------ Data segment ------
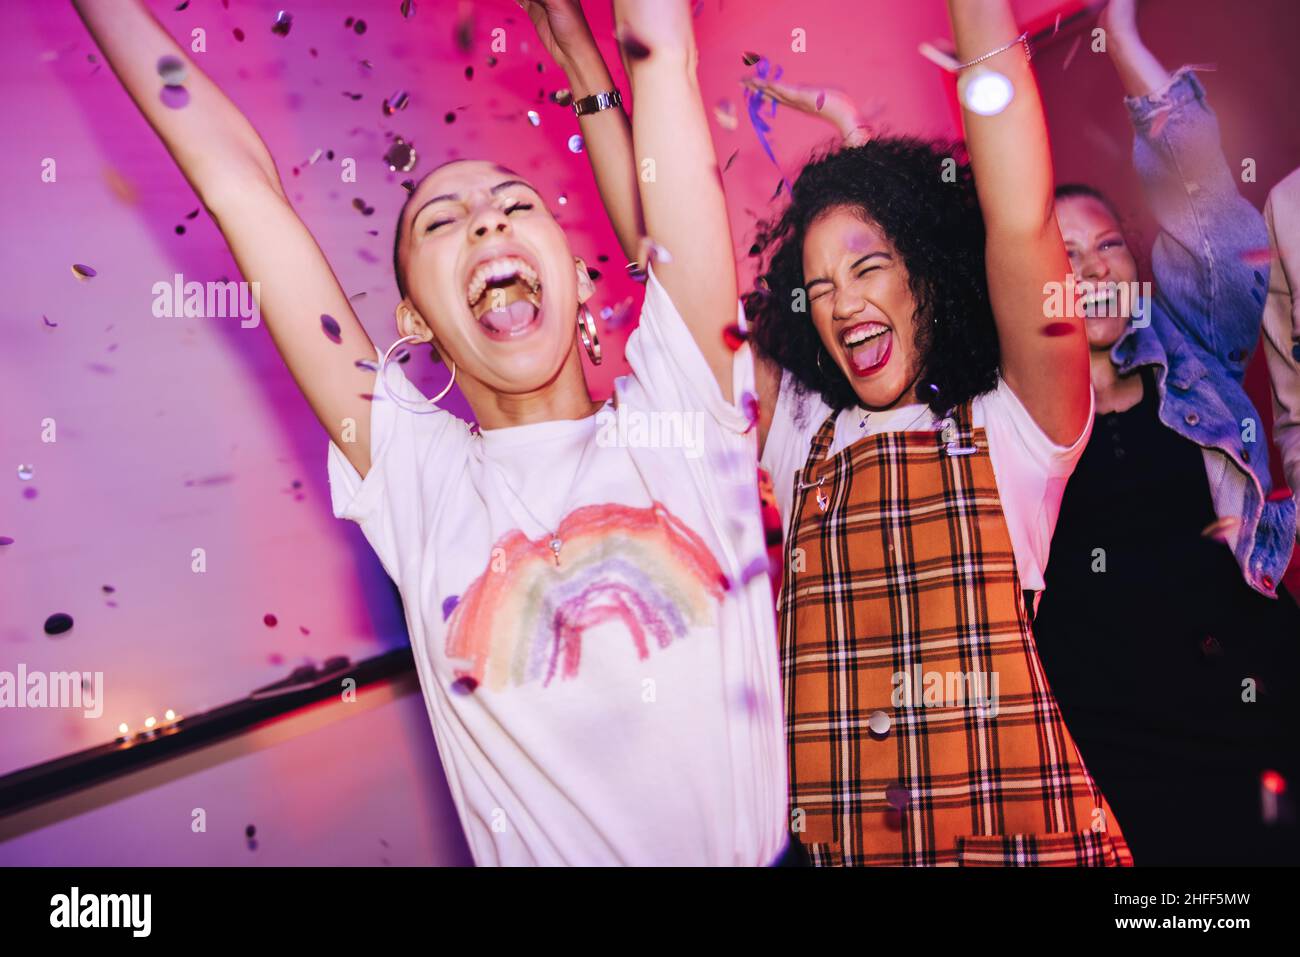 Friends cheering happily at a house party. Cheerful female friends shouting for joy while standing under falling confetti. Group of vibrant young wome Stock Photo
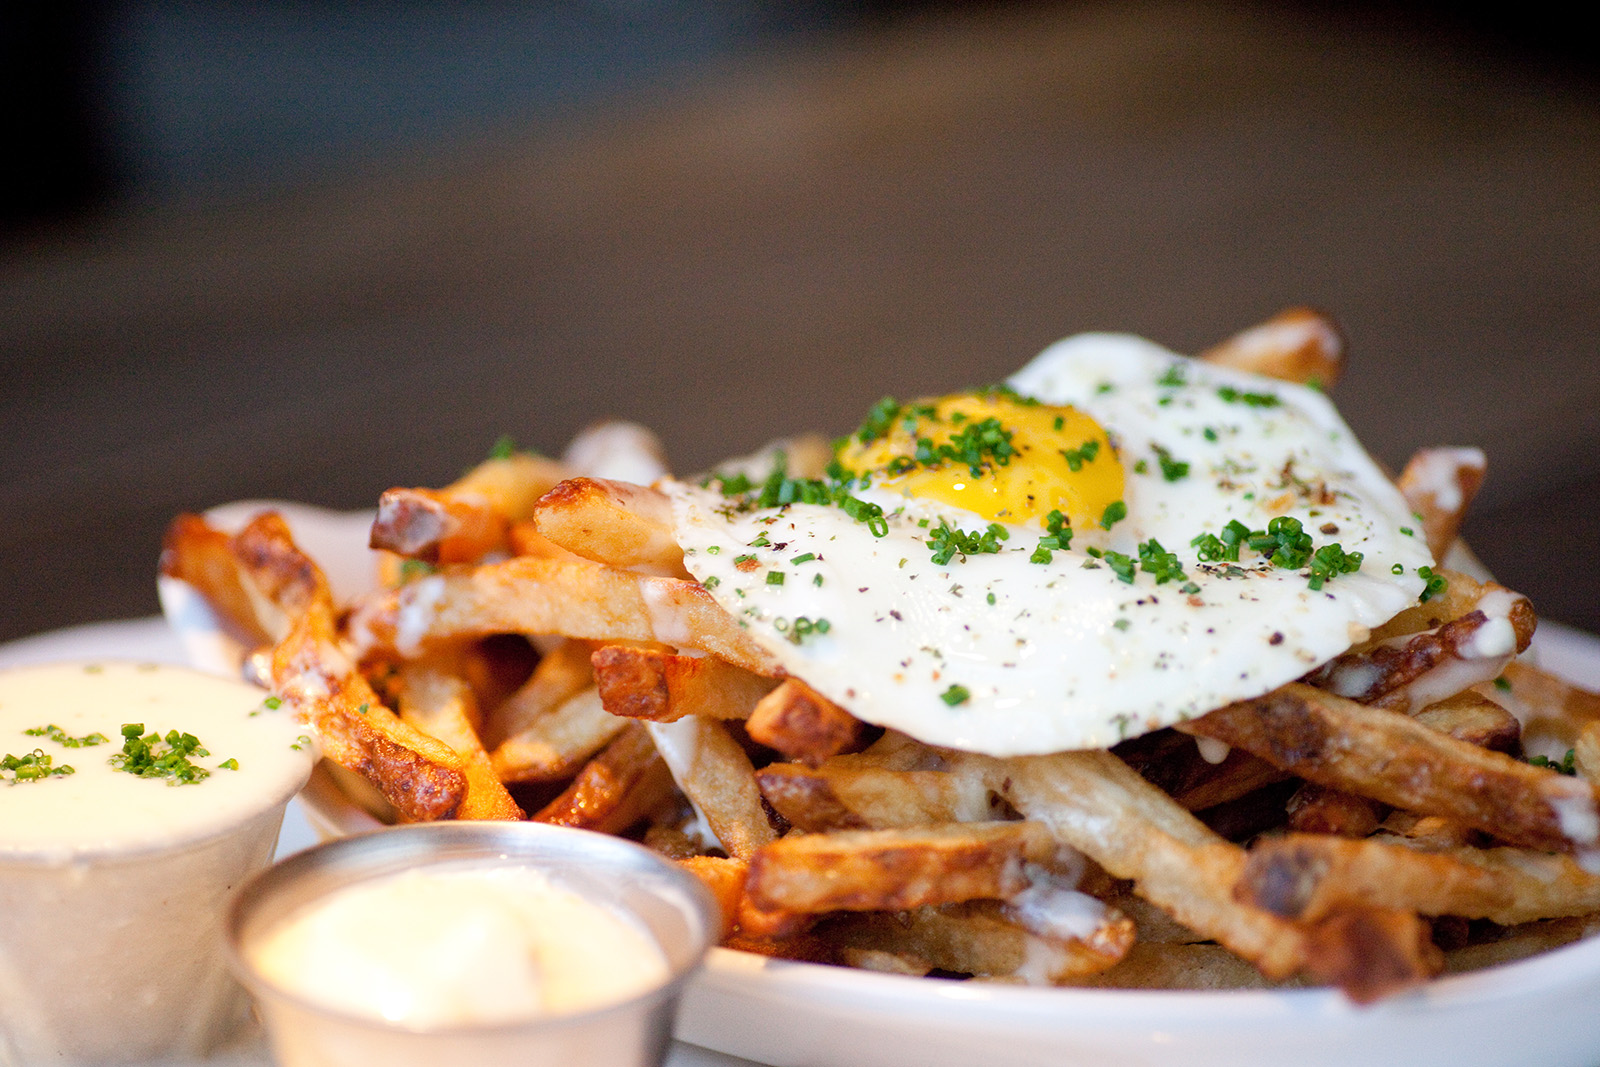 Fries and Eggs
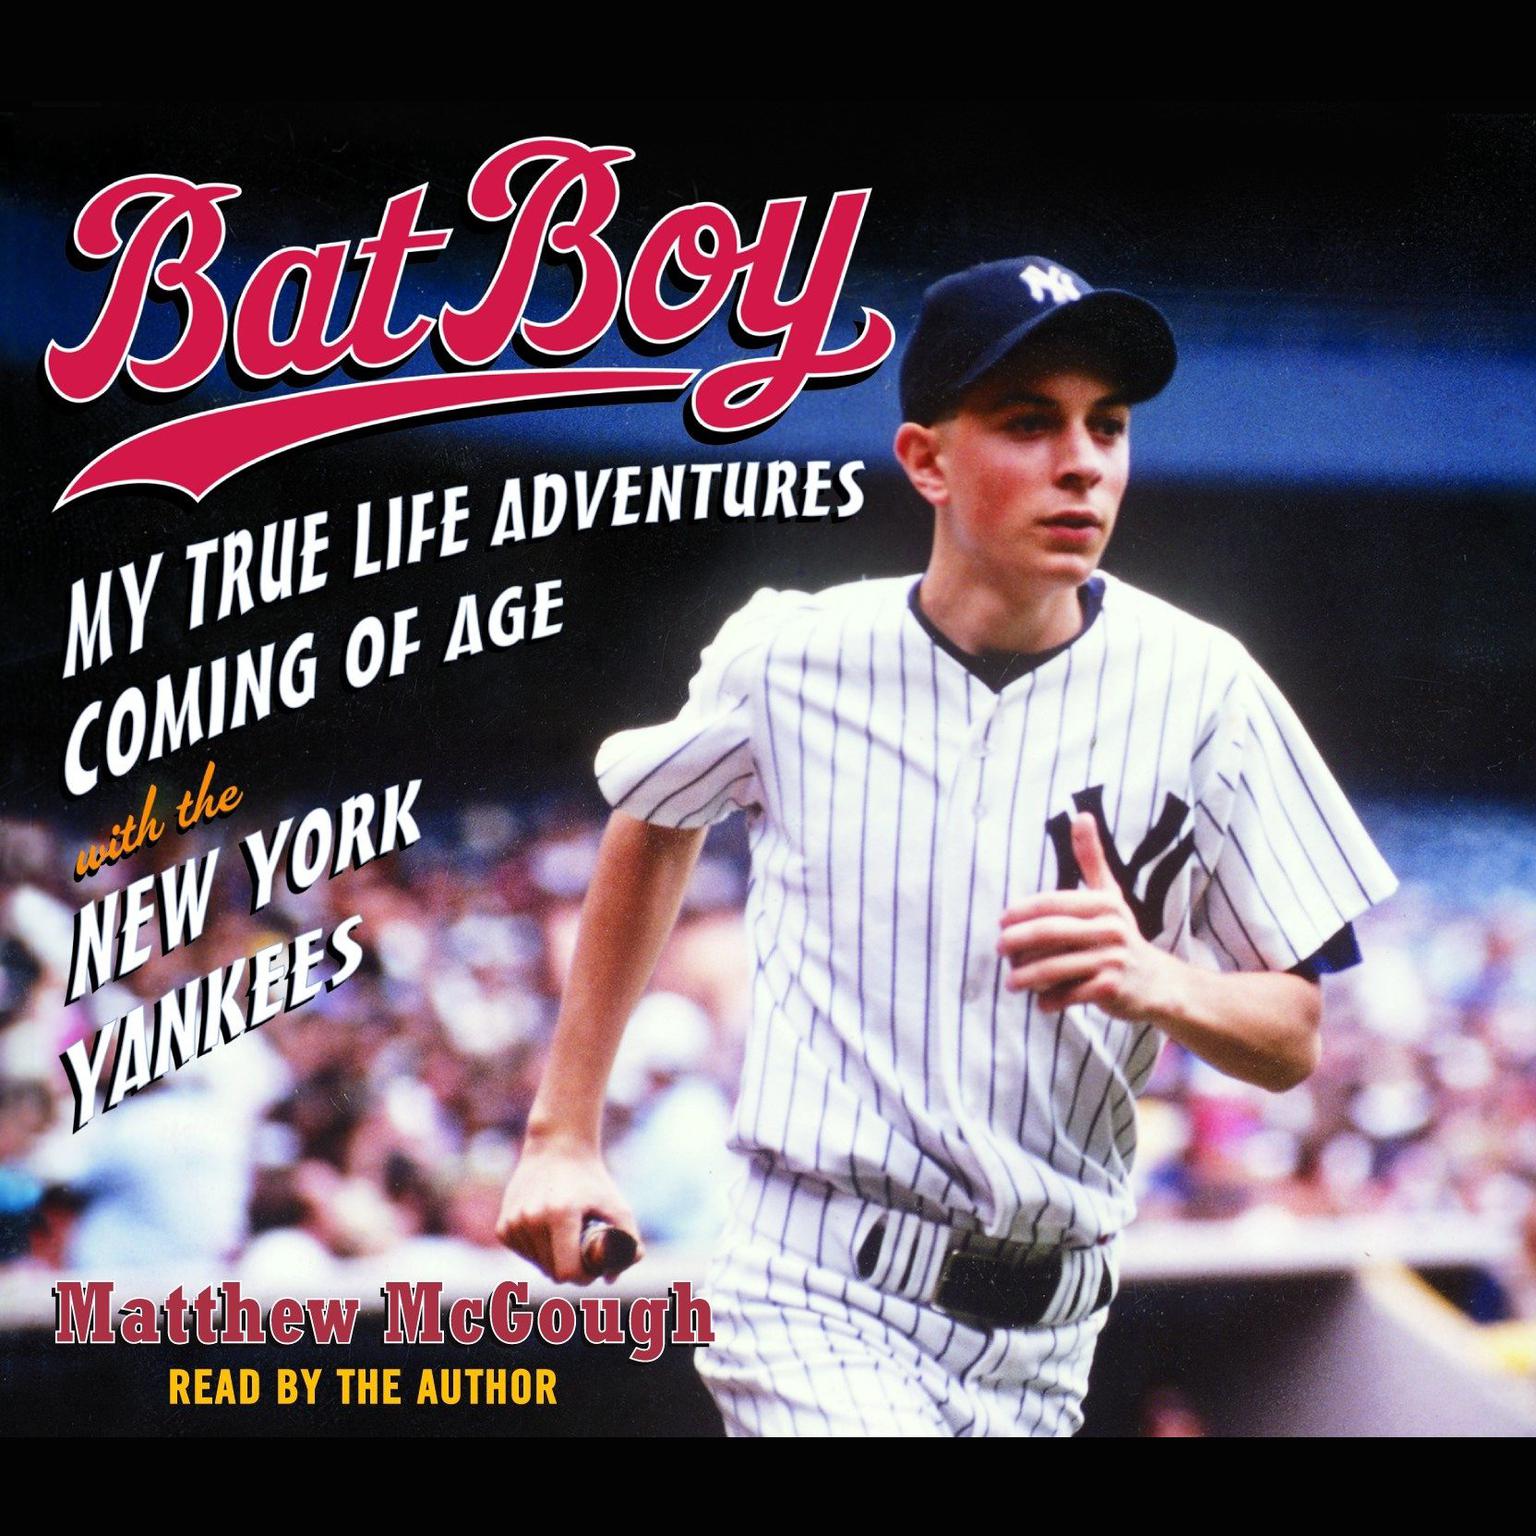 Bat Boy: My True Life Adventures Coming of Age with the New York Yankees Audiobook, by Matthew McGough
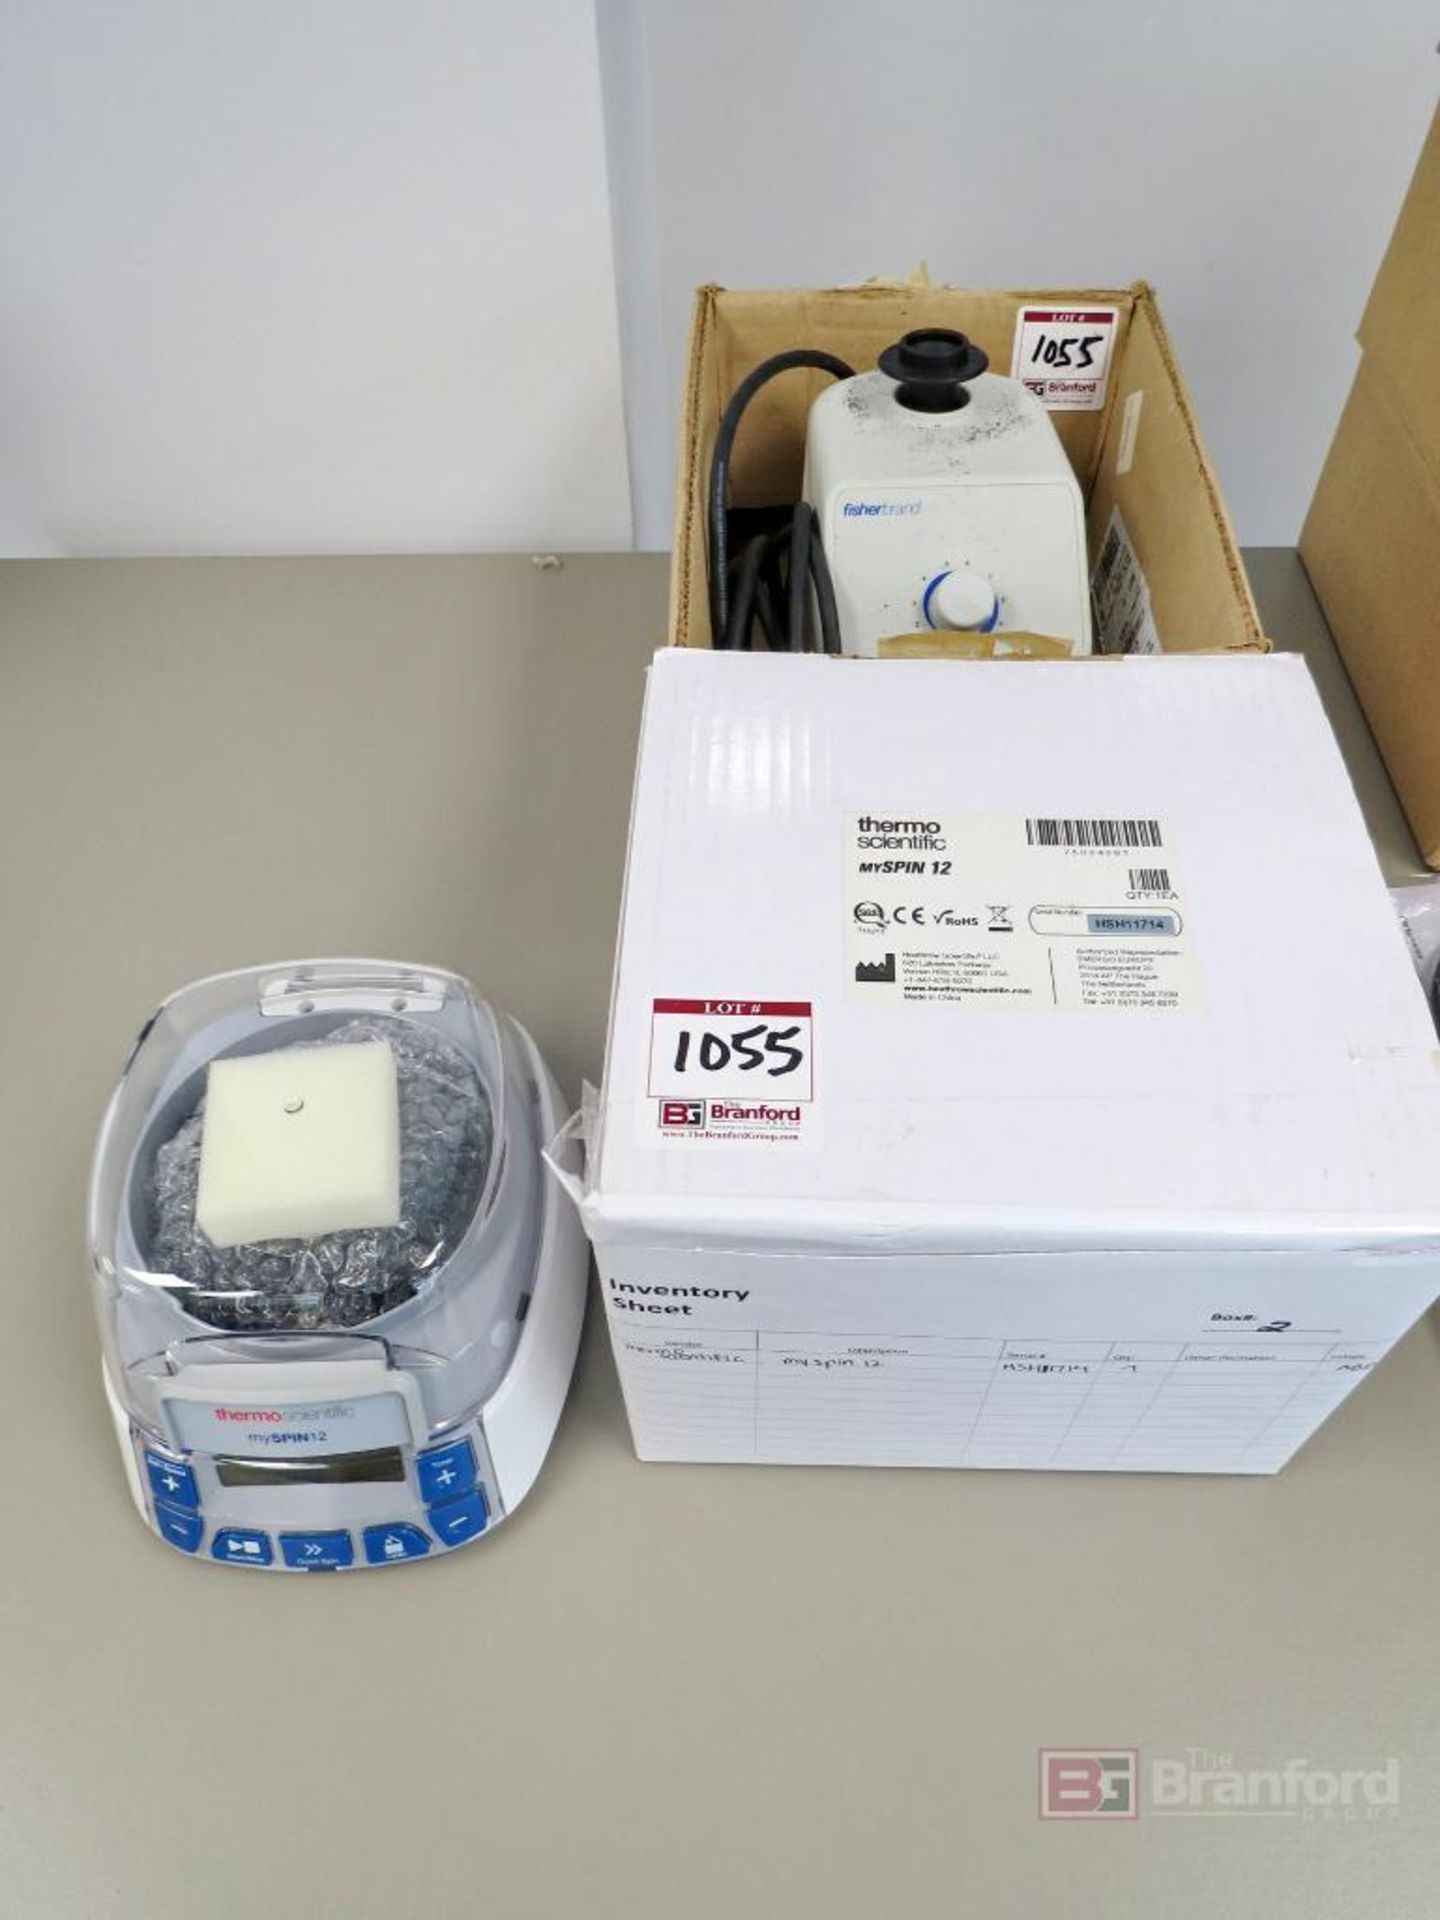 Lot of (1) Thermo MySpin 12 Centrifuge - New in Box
------
- Exercise details
Reproduce the data above word for word from its first line through the line that holds "Fries and Eggs", both ends included; skip pictures.

- Answer to the problem
 Friends cheering happily at a house party. Cheerful female friends shouting for joy while standing under falling confetti. Group of vibrant young wome Stock Photo
 Fries and Eggs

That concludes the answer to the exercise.